Литовцева, лишившись дара речи, только руками всплеснула на пороге.
Проводив ее взглядом, я полюбопытствовал:
– Ты, Вася, куда собрался-то?
– М-н-да… на свиданье.
– Я так и сообразил.
Он продолжил многозначительным шепотом:
– К Константину Сергеевичу. – Что?
– Меня, видишь ли, сегодня Станиславский вызывает. К двум с четвертью.

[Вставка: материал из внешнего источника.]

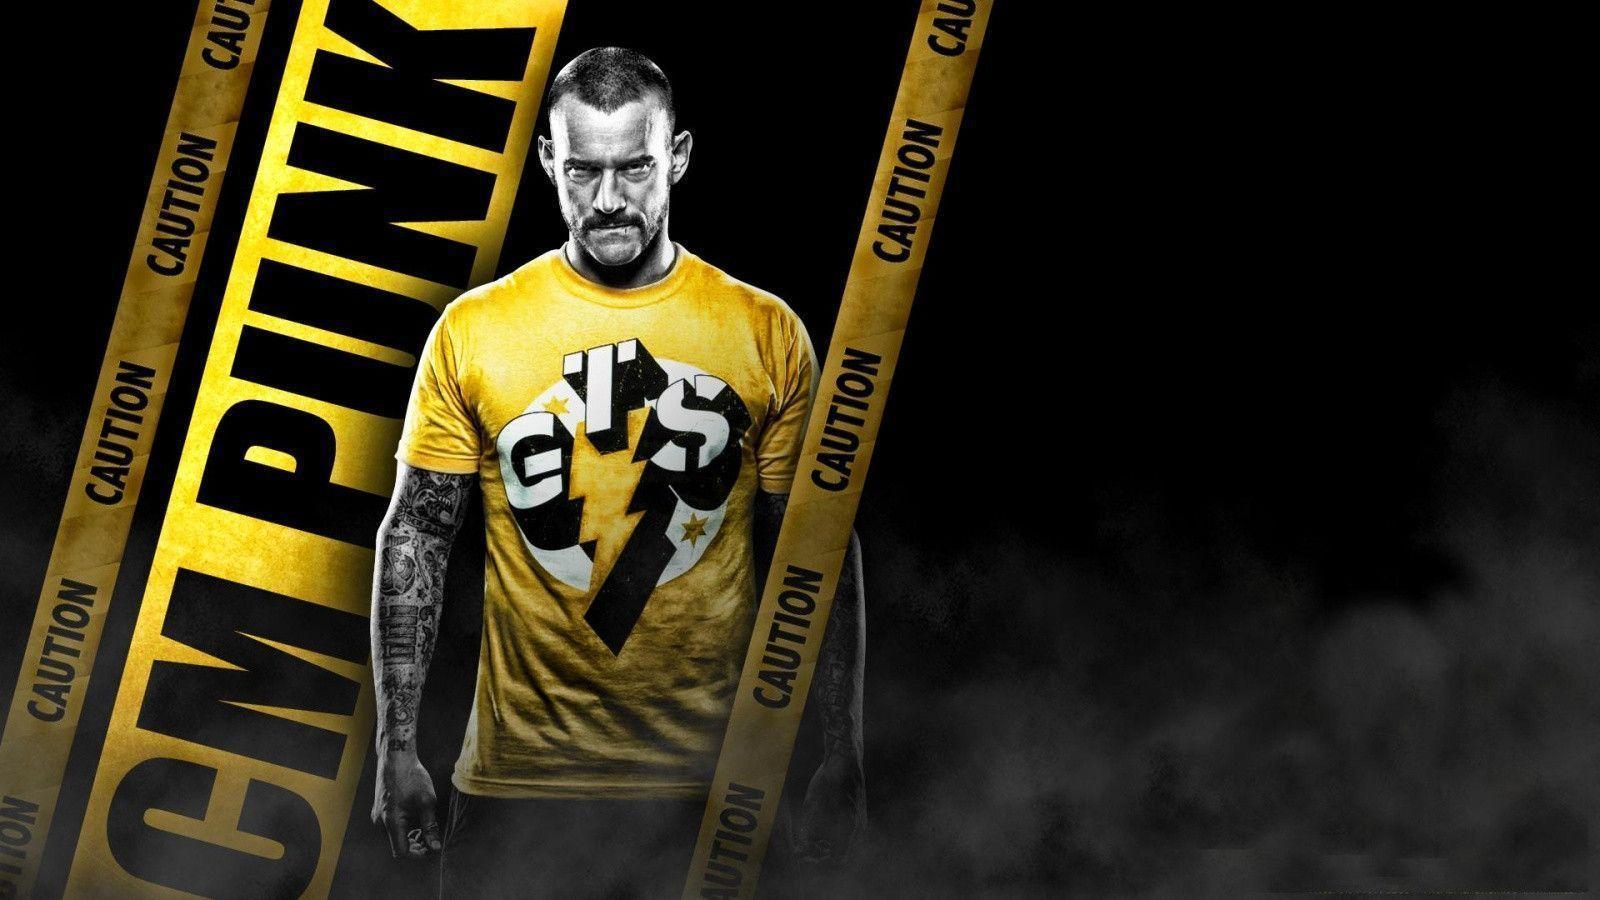 WWE CM Punk Wallpapers 2015 1600x900

И, стряхнув щелчком невидимые пылинки с черного пиджака, он торжественно облекся в него.
– Ха! Вот так свидание! Сие у нас по-другому называется, – сказал я разочарованно. – Это, значит, ты для него и галстук менял, и в черную тройку вырядился? Подумаешь!
Василий Иванович взглянул на меня с нескрываемым испугом.
Для имажиниста 20-х годов не существовало богов ни на небе, ни на земле.
– Проводишь?.. Или, может, с Ниной останешься?.. – проговорил он просительно и с надеждой в голосе. – Она тебя черным кофе угостит… С бенедиктинчиком.
– Провожу.
Глаза его стали скорбными.
На прощанье Литовцева перекрестила супруга:
– Господь с тобой.
Я с постной физиономией тоже подставил лоб:
– Ниночка, а меня?
– Тебя?
Но я уже отскочил, перепугавшись, что получу по черепу серебряным набалдашником.
– Давай, Нина… Давай палку.
– Господи, а больше ничего не забыл?
Литовцева благоговейно вручила палку с набалдашником своему артисту, которого не без основания считала величайшим артистом нашего столетия.
Он был торжествен, как дореволюционная девочка, отправляющаяся впервые на исповедь.
– Поэт, бери свою шляпу.
– Взял. Надел.
– Шествуй.
– Нет, Вася, это уж ты шествуй, а я зашагаю.
– Шагай, шагай.
– Ну, Христос с тобой, Василий Иванович, – сказала Нина Николаевна уже не тоном МХАТа, а тоном Малого театра.
В высоком молчании мы чинно двинулись по Брюсовскому. Так обычно не идут, а двигают в первом ряду за гробом очень уважаемого покойника. Словом, у меня было совершенно достаточно времени, чтобы подумать о Станиславском. А может быть, он и в самом деле бог? Ведь Василий Иванович с ним порепетировал и поиграл на сцене без малого полвека! И вот под старость, сам будучи Качаловым, перед «свиданьем» меняет галстук за галстуком, наряжается в черную тройку и разговаривает многозначительным шепотом. Да, и выходит, что бог.